= Mai Jones =

British songwriter (1899–1960)

Mai Jones (6 February 1899 - 7 May 1960), was a Welsh songwriter, entertainer and radio producer.

==Biography==
Jones was born in Newport, Monmouthshire, the daughter of the local railway stationmaster. Having won a scholarship to study music at the University of Wales, Cardiff, she went on to the Royal College of Music. Her early successes included being selected as one of the official accompanists for the National Eisteddfod of Wales at Pontypool in 1924. Singing and playing both piano and accordion, she began to make a name for herself as an entertainer in London, and broadcast on radio for the first time with Jack Payne's band. During the 1920–30s, she also contributed the contralto voice to a well-known and often broadcast singing duo called The Carroll Sisters, with Elsie Eaves (soprano).

In 1941, she joined the BBC in Cardiff as a radio producer of light entertainment programmes. Programmes produced by her included Welsh Rarebit and Saturday Starlight. As part of the wartime Cardiff artistic and music community Mai had known Idloes Owen, also a composer, arranger and conductor, who performed with the pre-war Lyrian Singers. Idloes went on to found the Welsh National Opera in 1943. He was instrumental in providing Mai with a musical score written originally by a fellow Lyrian performer, Thomas Morgan. Mai then collaborated with lyricists Lyn Joshua and James Harper to create the now Welsh standard "We'll Keep a Welcome". It had its début on 29 February 1940; the BBC's resident 25-strong male voice choir, the Lyrian Singers, performed the new song. It was an overnight success.

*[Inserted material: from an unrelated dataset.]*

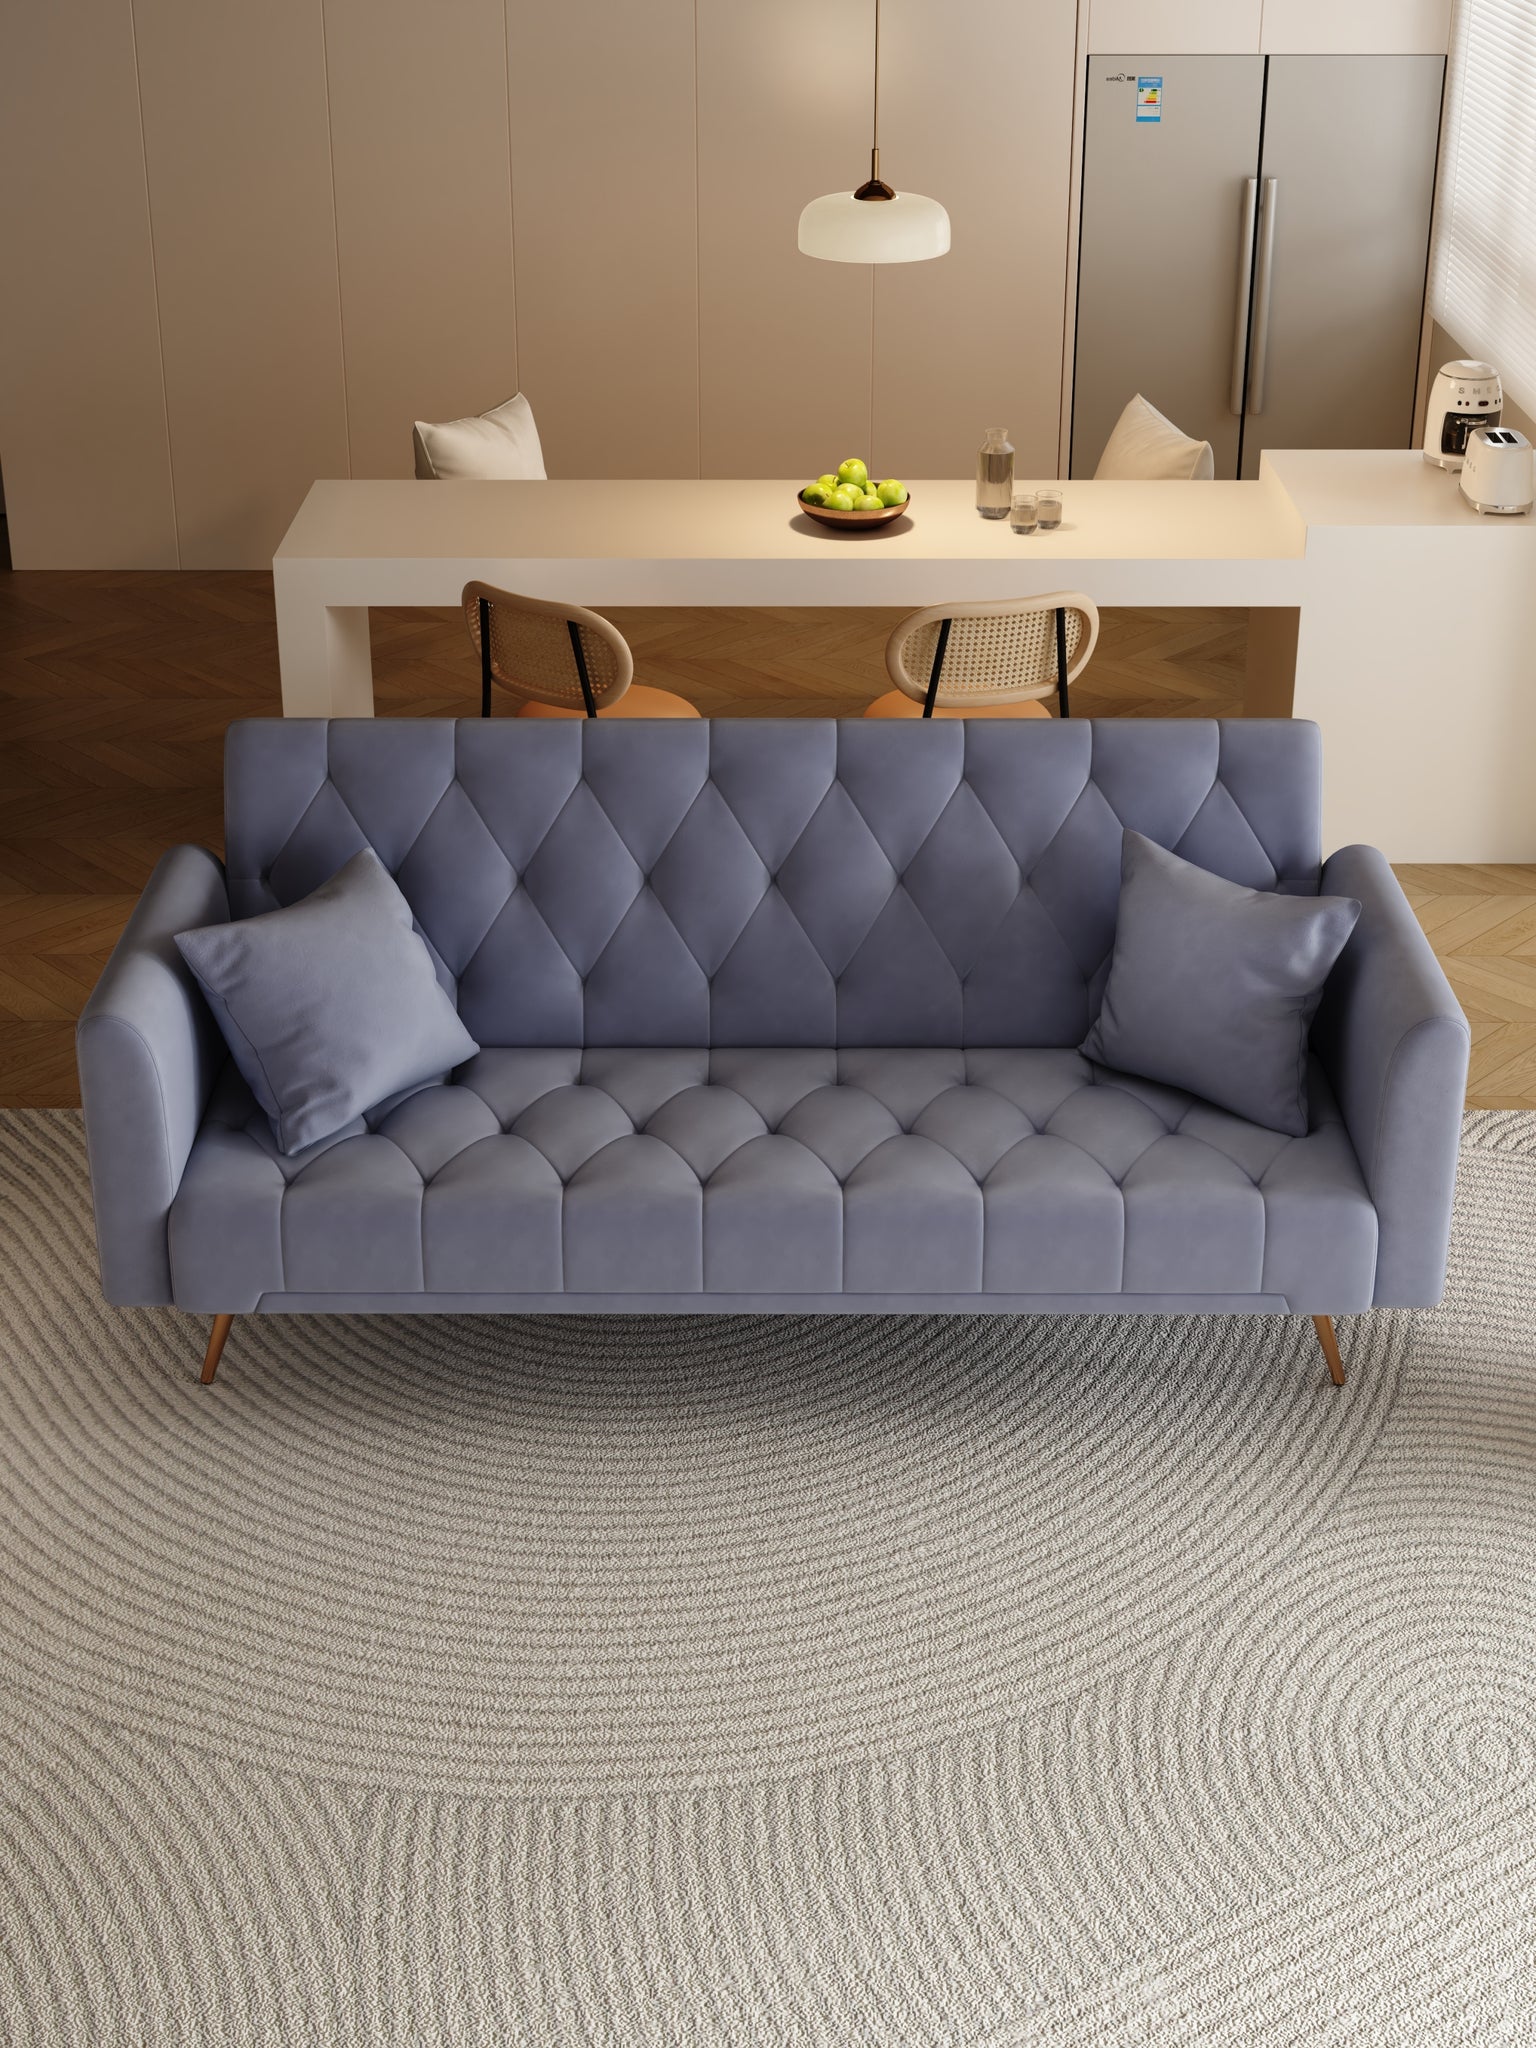 71" Convertible Double Folding Living Room Sofa Bed gray-velvet

Successful songs written by Mai Jones included: "Blackbirds" (1924), "Wondering If You Remember" (1927), "We'll Keep a Welcome" (1940), "Nos Da/Good night" (1946) and "Rhondda Rhapsody" (1951).

In 1947, she married a singer, David Davies. She retired from the BBC in 1958 and died not long afterwards as a result of a head injury. Her husband outlived her. A plaque commemorating her was unveiled in 2010 at the couple's former home in St Marks Crescent, Newport.